Tuesday, July 29, 2008

Recently, a federal appeals court held that debt collection agencies cannot avoid responsibility for abuses by blaming them on creditors.

In the case of Reichert v. National Credit Systems in the UNITED STATES COURT OF APPEALS FOR THE NINTH CIRCUIT, Judge Mary Schroeder, ruled that the federal Fair Debt Collection Practices Act requires debt collectors to prove that they have used detailed procedures to ensure that they do not take actions that are prohibited by the act, such as harassing consumers, overbilling or making deceptive statements.

"A debt collector is not entitled to just sit back and wait until a creditor makes a mistake and then institute procedures to prevent an occurrence," the court ruled.

The case involved an Arizona consumer, Robert Reichert, who was contacted by a debt collector about an outstanding bill from his old apartment complex. The debt collector, National Credit Systems Inc., had tacked on charges for "attorney's fees," but couldn't explain where the charges came from.

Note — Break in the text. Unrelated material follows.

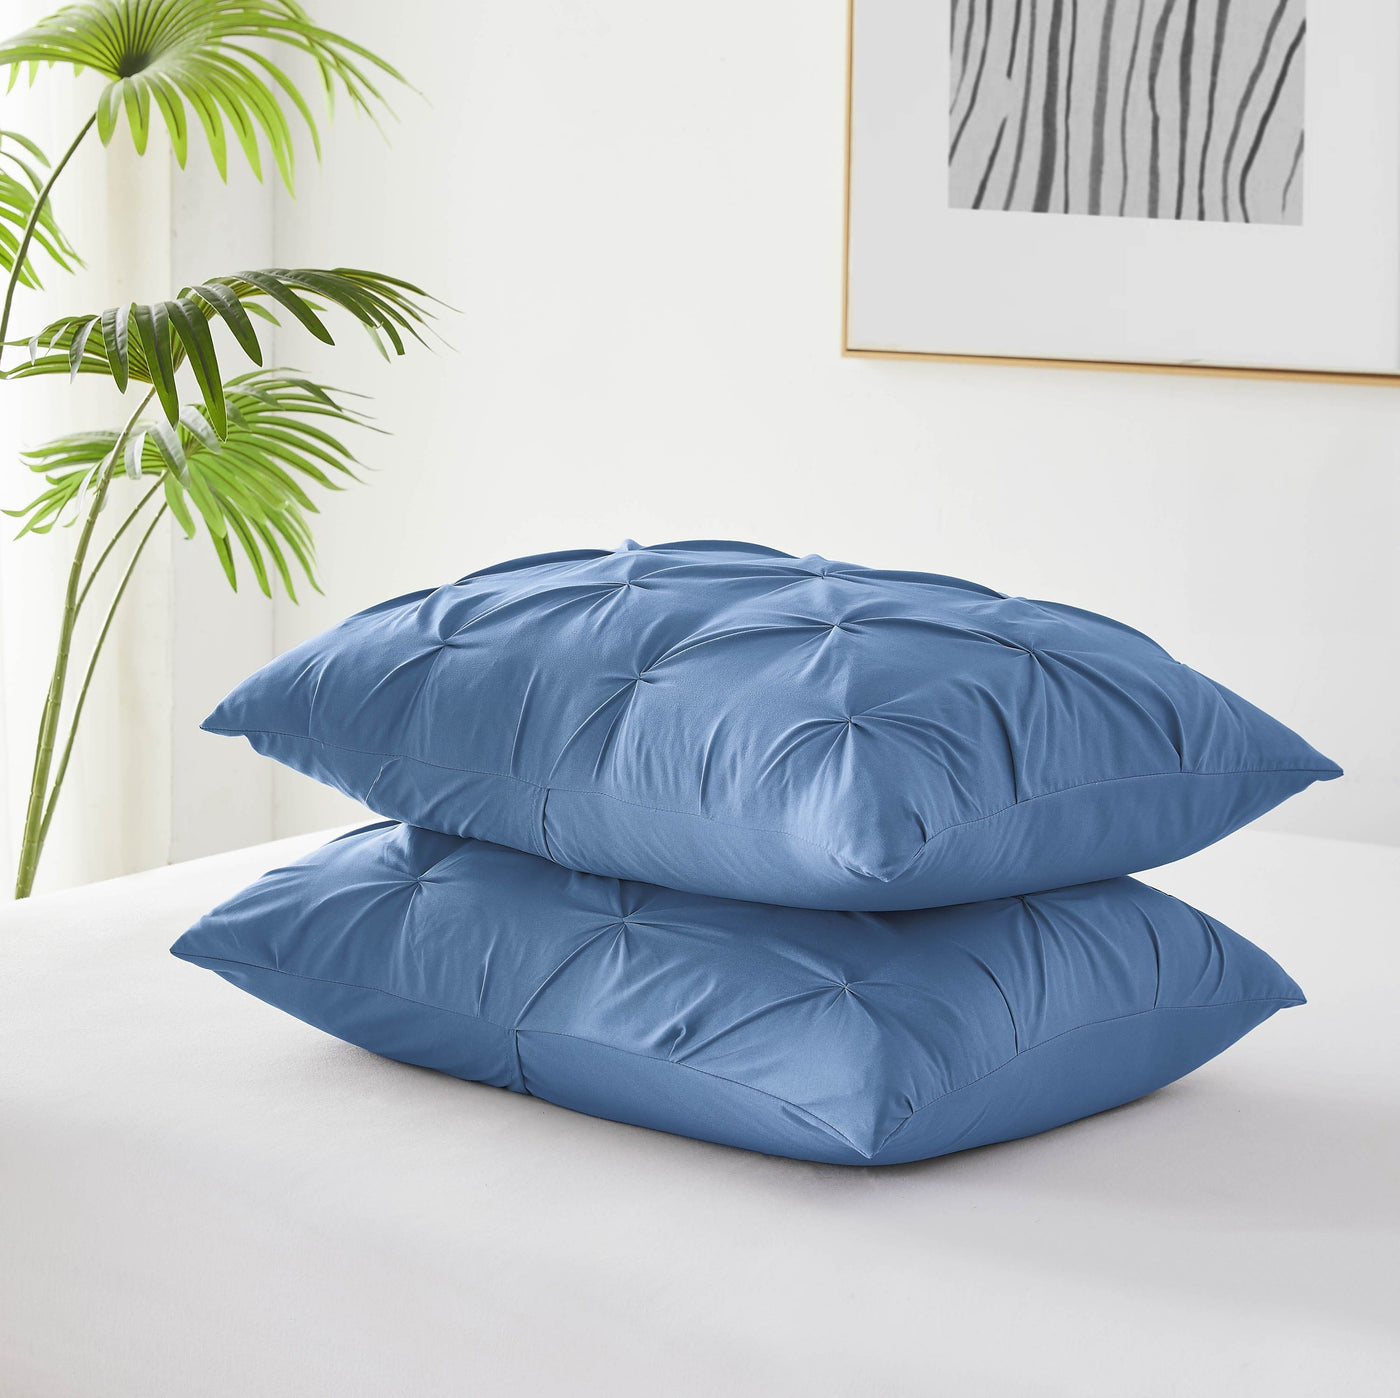 Detailed Shams Image of Pintuck Pinch Pleated Duvet Cover Set in Coronet Blue#color_vilano-coronet-blue

The collection agency claimed that it had overlooked the error because the landlord-creditor had always provided accurate information in the past. The court rejected that defense, holding that debt collectors must show detailed preventive procedures to escape liability for their actions.

"The court's ruling will compel debt collectors to police themselves more effectively," said Deepak Gupta, an attorney for Public Citizen who argued the case. "The ruling is very significant at a time in which increasing numbers of Americans are being contacted by debt collectors and abuses are on the rise."